Дюкина вздрогнула и подняла глаза. Видно, мое появление было ей глубоко безразлично, потому что она равнодушно отвернулась.
Сержант открыл клетку и замер с ключами в руках. Я вошла. Он же, заперев клетку, неспешной походкой направился на свое рабочее место. Я села рядом с Дюкиной на деревянную лавку и осторожно взглянула на нее.
— Меня прислал к вам ваш свекор. Он не верит в то, что вы убили его сына, вы меня слышите?
Я повернулась к ней всем телом. Она отрешенно смотрела на меня, словно я была врачом, а она душевнобольной. По ее лицу было заметно, что она испытывает горечь разочарования. Я предположила, что ее досада вызвана тем, что она просчиталась с эффектным шагом, осуществленным ею на телевидении. Она, наверное, думала, что вокруг будут сновать любопытные журналисты и коллеги, но оказалось так, что она теперь сидит в заплеванной клетке одна, если не считать милого соседства «синеглазки» со всеми признаками долгого бомжевания. Эта дамочка, кстати, проявляла бешеный интерес к нашей едва начавшейся беседе. Она не просто косилась, она сверлила нас своими опухшими глазами, которые словно вылиняли от неумеренного потребления спиртного. Женщина шмыгнула носом и грубо вмешалась в наш разговор:
— Да ты че к ней пристала, видишь, не в себе она. Говорит, мужа кокнула. Ну и че — запросто!

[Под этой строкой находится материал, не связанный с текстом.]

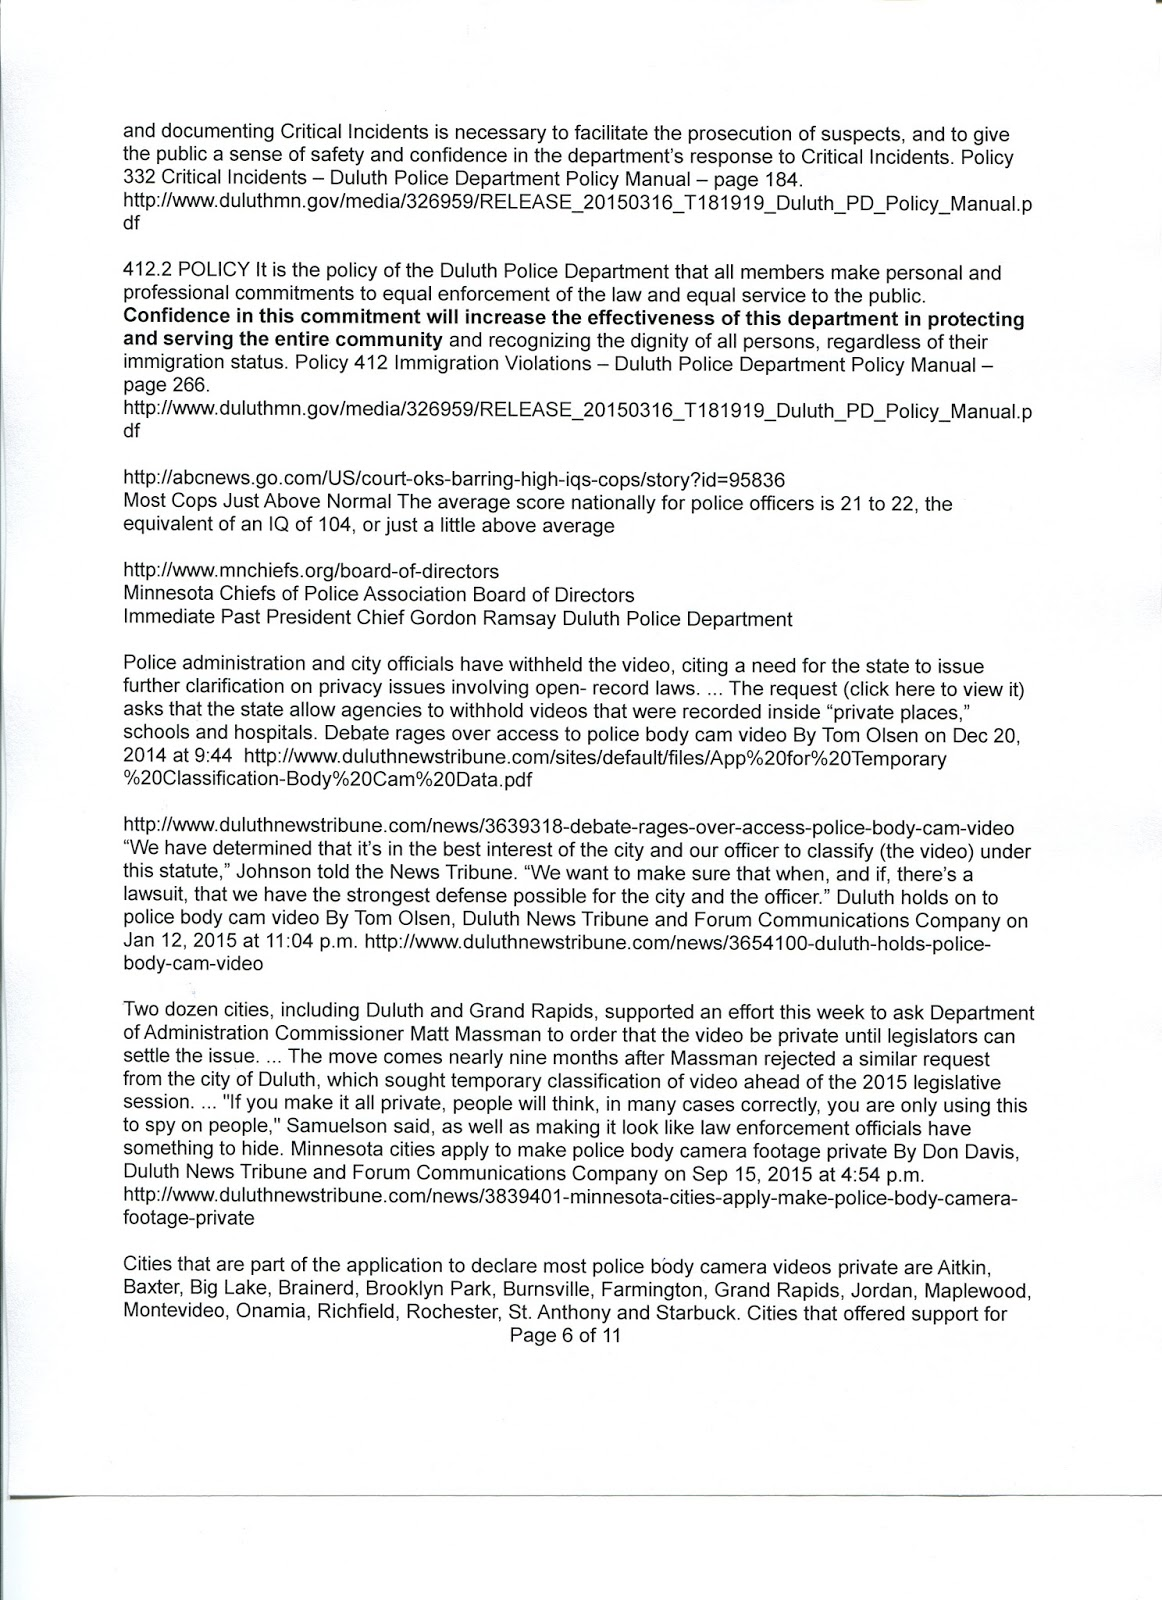 critical response essay format sample resume skills profile critical response essay format neurology nurse sample resume cmpltramsay06 critical response essay formathtml

— Вас, простите, как зовут? — невозмутимо полюбопытствовала я.
— Клава, — с подъемом произнесла она, обрадованная тем, что привлекла к себе внимание.
— Очень приятно, — язвительно улыбнулась я, — я вас попрошу не мешать нам.
— А я и не мешаю, — обиделась Клава.
— Кш, — брезгливо прошипел дежурный, — заткнись!
Клава поджала бледно-сиреневые губы и, закинув ногу на ногу, отвернулась.
— Вы действительно застрелили Альберта Степановича? — вполголоса спросила я Дюкину.
Не поворачиваясь ко мне, она кивнула. И тут же разрыдалась.
— Милиция нашла пистолет, из которого вы стреляли? — произнесла я.
— Нет, — сухо проронила Дюкина.
— Почему? Вы его спрятали?
— Нет… не помню… — Дюкина утирала слезы свернутым в комок платком.
— Как это произошло?
Она посмотрела на меня, как затравленный зверь.
— Я буду говорить с милицией. Меня обещали допросить, — она устремила жалостливый взор к дежурному.
— Вы и мне тоже должны все рассказать. Ваш свекор хочет вас спасти, он уверен в вашей невиновности, — сказала я.
— Я убила его, — с обреченным видом проговорила она и, снова дернувшись всем телом, заревела.
— Как это случилось? Вы приехали на дачу ночью?
Она кивнула словно марионетка.
— Вы застали его с другой женщиной? — продолжала я выпытывать.
— Нет, он был один, — прорвалось сквозь всхлипы и завывания.
— У вас произошел скандал?
— Да. А потом… — она заливалась слезами, — потом… я… убила его.